2.4 Urban Development

The value proposition for business is of course a matter of simple economics: innovations are driven in the first instance by their ability to make money. While disruptions such as Uber or dockless bikes can certainly have redeeming social value, it is their eventual profitability that ultimately drives their growth. Many businesses invite the users of their apps to allow locations to be shared and may argue that the result will be more specific information to the user. This is the case for wayfinding apps, and also for many news or weather apps. But the business case for such apps relies at least in part on the market value of those user locations to retailers, advertisers, and others. This trading of location data will be consistent with the app’s terms and conditions of use, but the user is unlikely to have taken the time to read their tens of pages of fine print and to have realized what they imply.

3 Unintended Consequences

Although the previous section has outlined how value can be assessed under different visions of urban informatics, it is often the unintended consequences of actions and developments that determine whether outcomes will eventually be assessed positively or negatively. How, for example, should we assess the impacts of online shopping? The individual citizen benefits from having goods delivered quickly, without the time and expense of a shopping trip. New jobs are created in the city’s delivery industry, and profits are made by the owners of shopping Web sites and their suppliers. But the impact on traditional shopping is severe, with significant loss of local employment and the closure of conventional retail businesses, and in some cases, wholesale abandonment of shopping centers. Supply chains may have to be reorganized, and the city’s function as a regional shopping center may be undermined.

The advent of connected and autonomous vehicles (CAVs) provides a suitable case in point. Already many new vehicles are connected to the Internet, and capable of reporting details of location, driving habits, and even driver biometrics. Such data can be useful to the parents of young drivers, to insurance companies following a crash, and to mechanics when a vehicle is serviced. They have commercial value, as already noted in Sect. 48.2.4. But they also potentially have more sinister value to traffic-control systems and law enforcement, and to what has been termed automated social control (New York Times 2020).

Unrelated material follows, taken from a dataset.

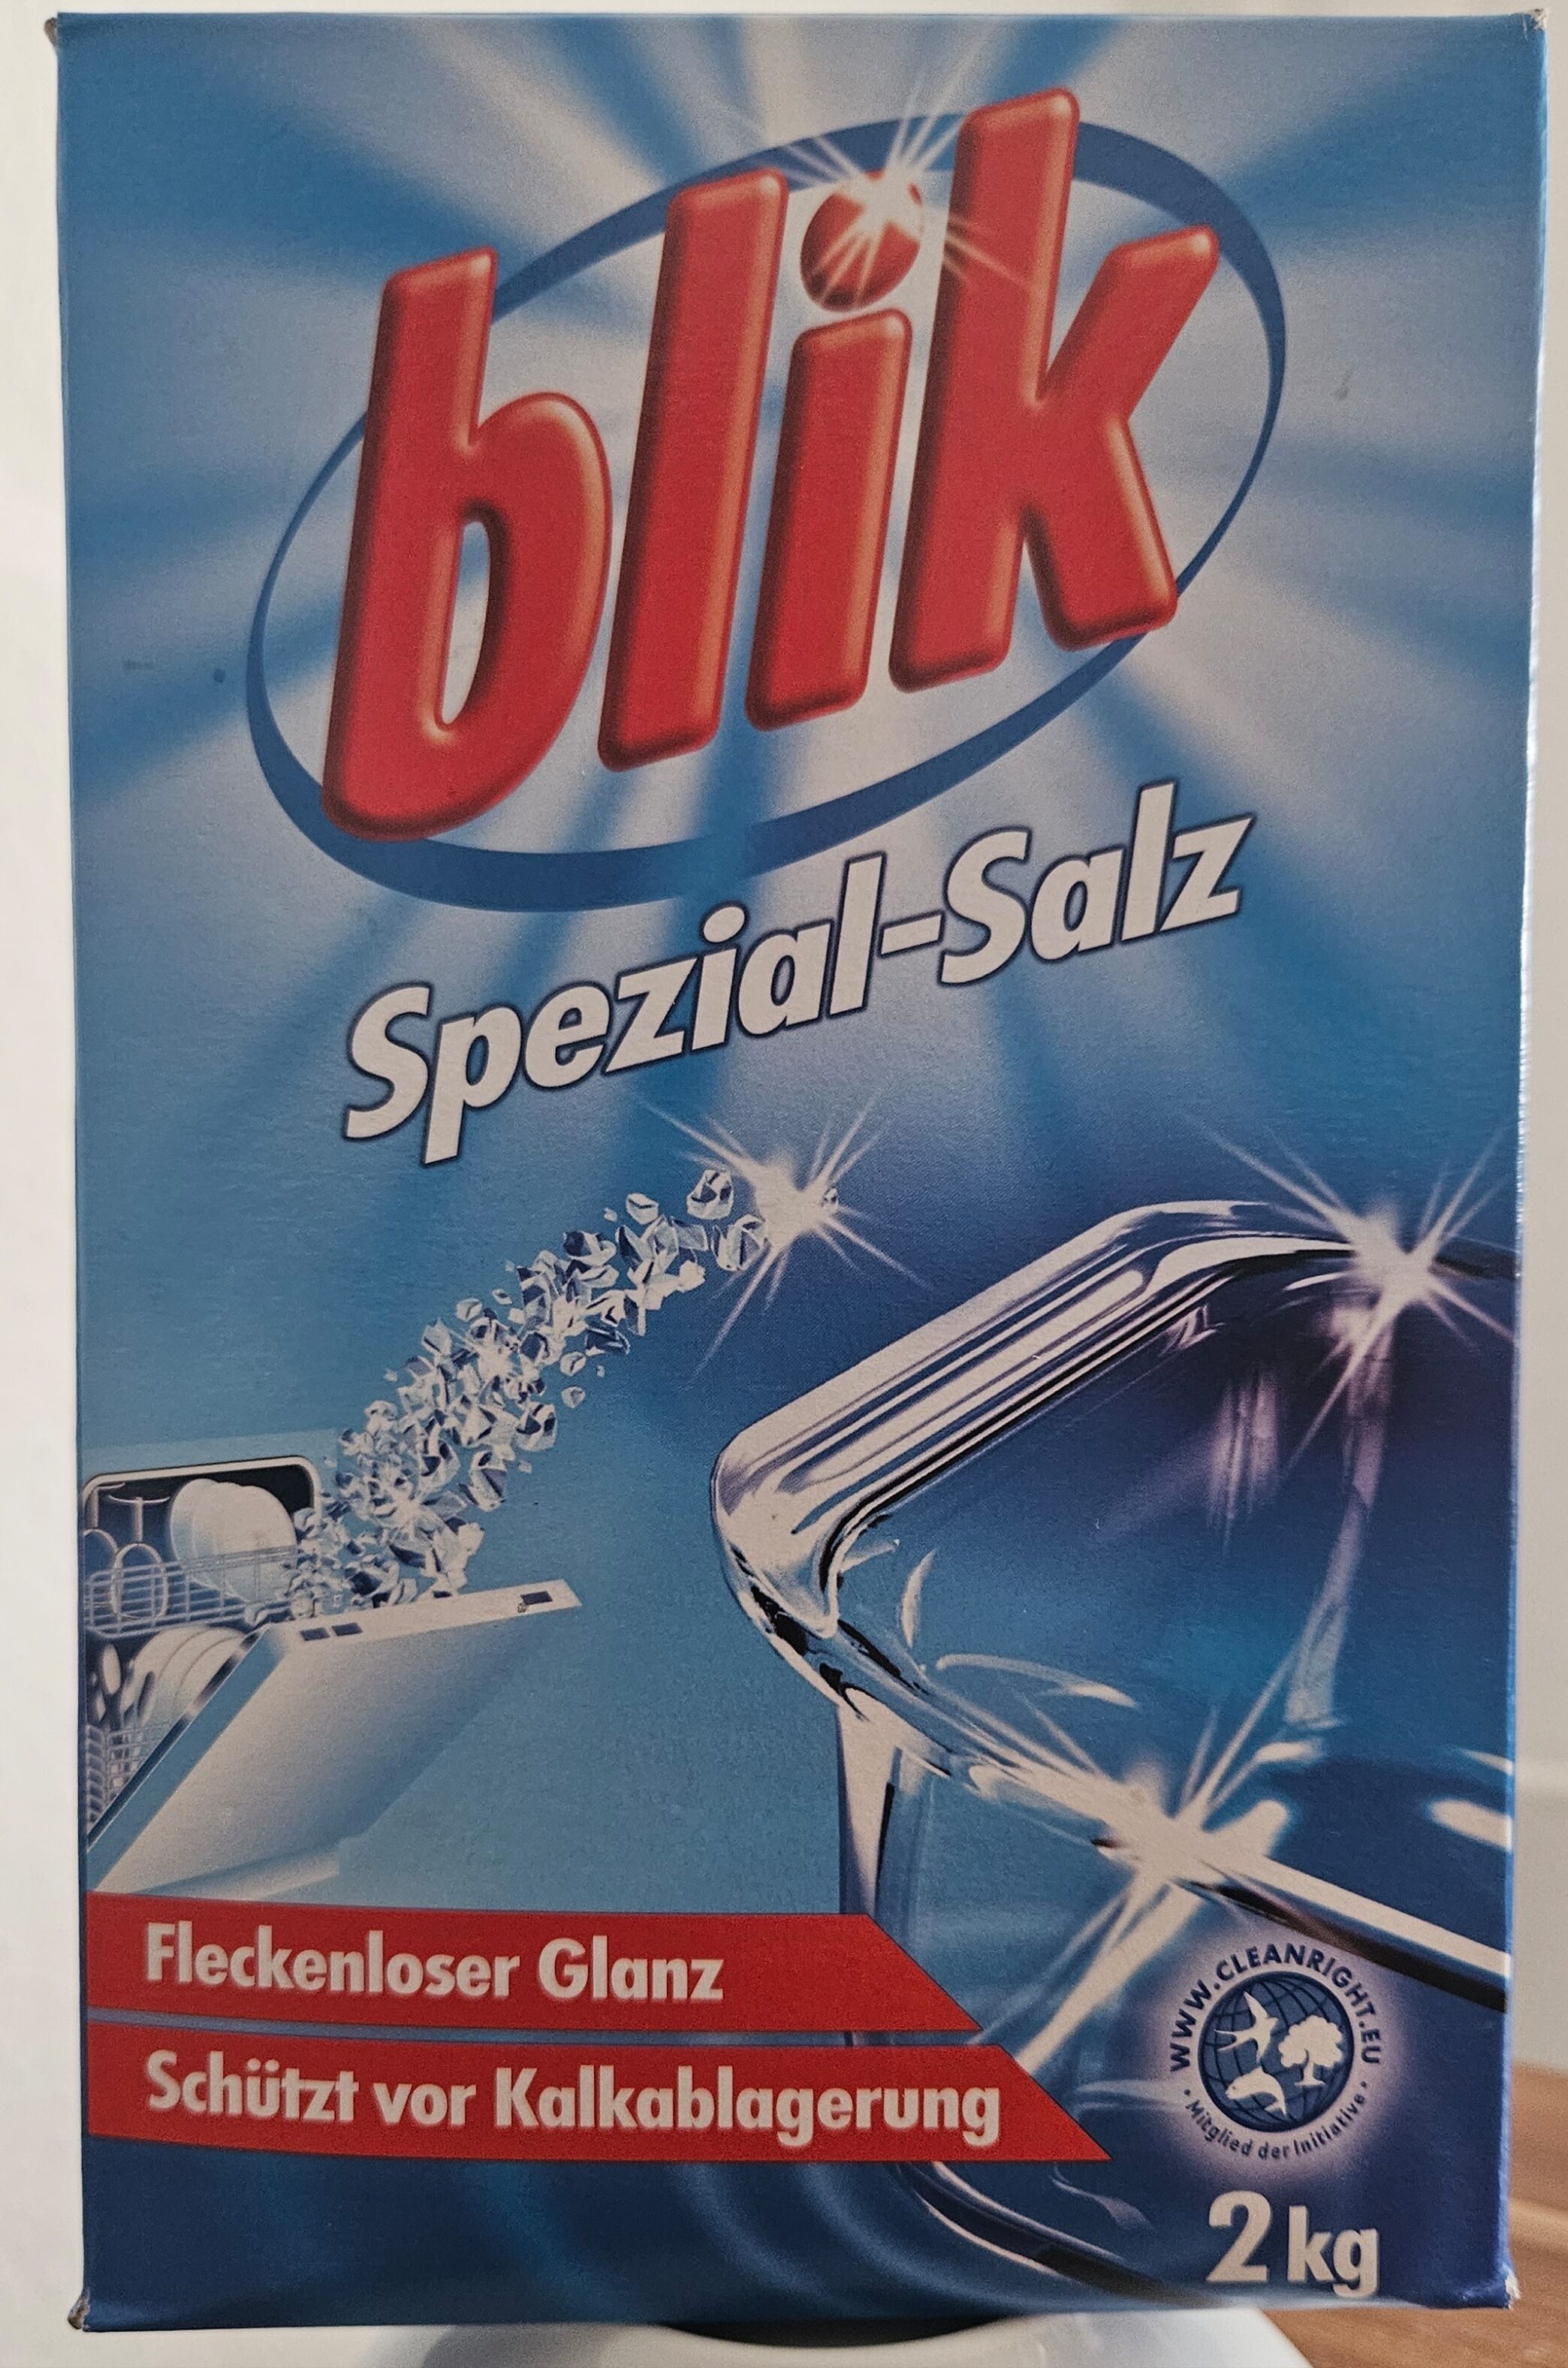 blik Spezial-Salz - Product - de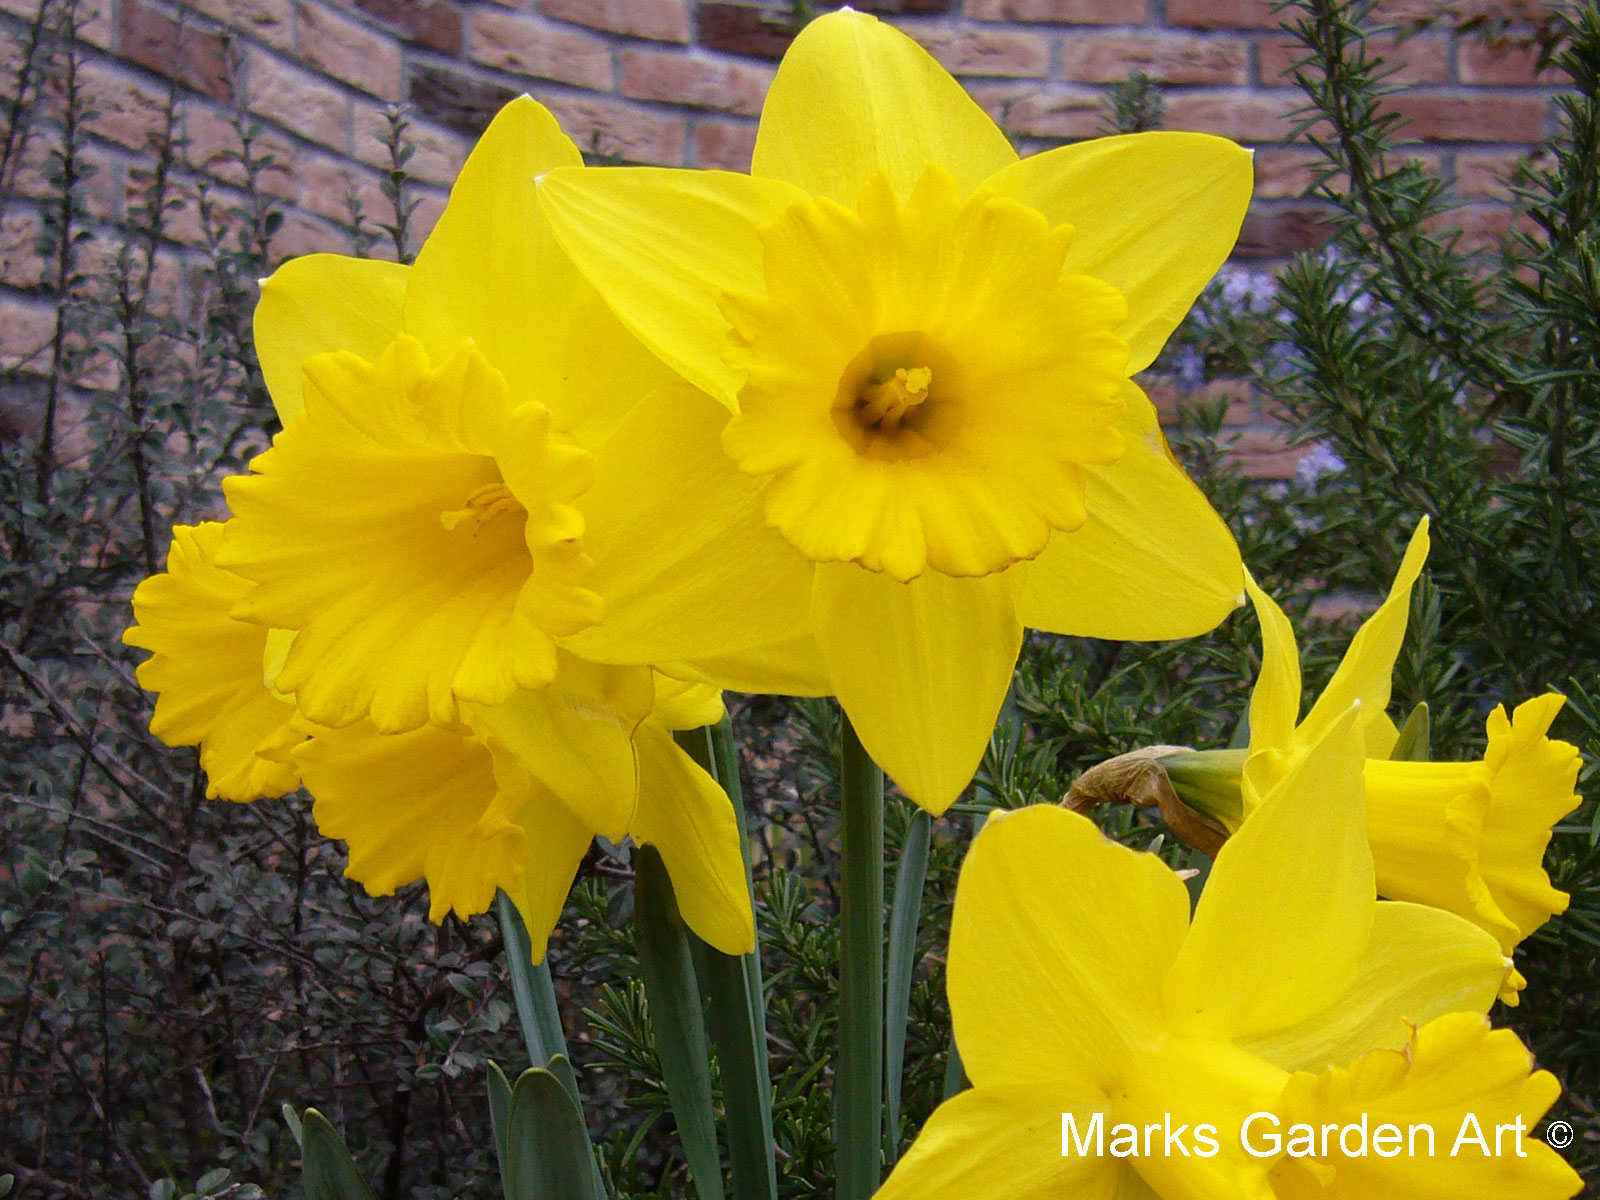 魅力的な植物達 球根スイセン (Narcissus) - Blog| マークス ガーデン アート by ブリティッシュ クリエイティブ デザイン

Cities are complex phenomena, performing functions that are not only internal but also regional and global. The growth of IoT will benefit the city through the services it provides, but will also benefit employment in high-tech industries in cities that may be half a world away; and the waste created by the city will almost certainly be exported to the city’s hinterland, to areas downwind and downstream, and to foreign markets for recycled material. What may be out of sight and out of mind to a city’s citizens may be very real to people elsewhere in the world.

4 The Future of Urban Informatics

Whether as a means for gathering urban intelligence, or as a basis for new urban science, or as a tool for planning and design, or as a source of profit for developers, urban informatics is clearly destined for accelerating growth. There is little danger of it experiencing a quick death as a short-term fad. Yet it can also be a source of the future dystopia, given its potential for surveillance and control.

This short piece has drawn attention to two issues: the different ways in which parts of the urban informatics community address the value of what they are doing; and the temptation to focus on the internal complexity of the city without addressing the complexity of its external linkages.

There are obvious similarities between the emerging field of urban informatics in 2020 and the state of GIS in the early 1990s: both are growing strongly, with enormous promise. It is important therefore that the kinds of concerns for broader social impacts that emerged at that time in the GIS research community, and led to an outpouring of important research, should also become part of the agenda of urban informatics. We are the people to explore these broader impacts and to raise these issues with our governments and with the public.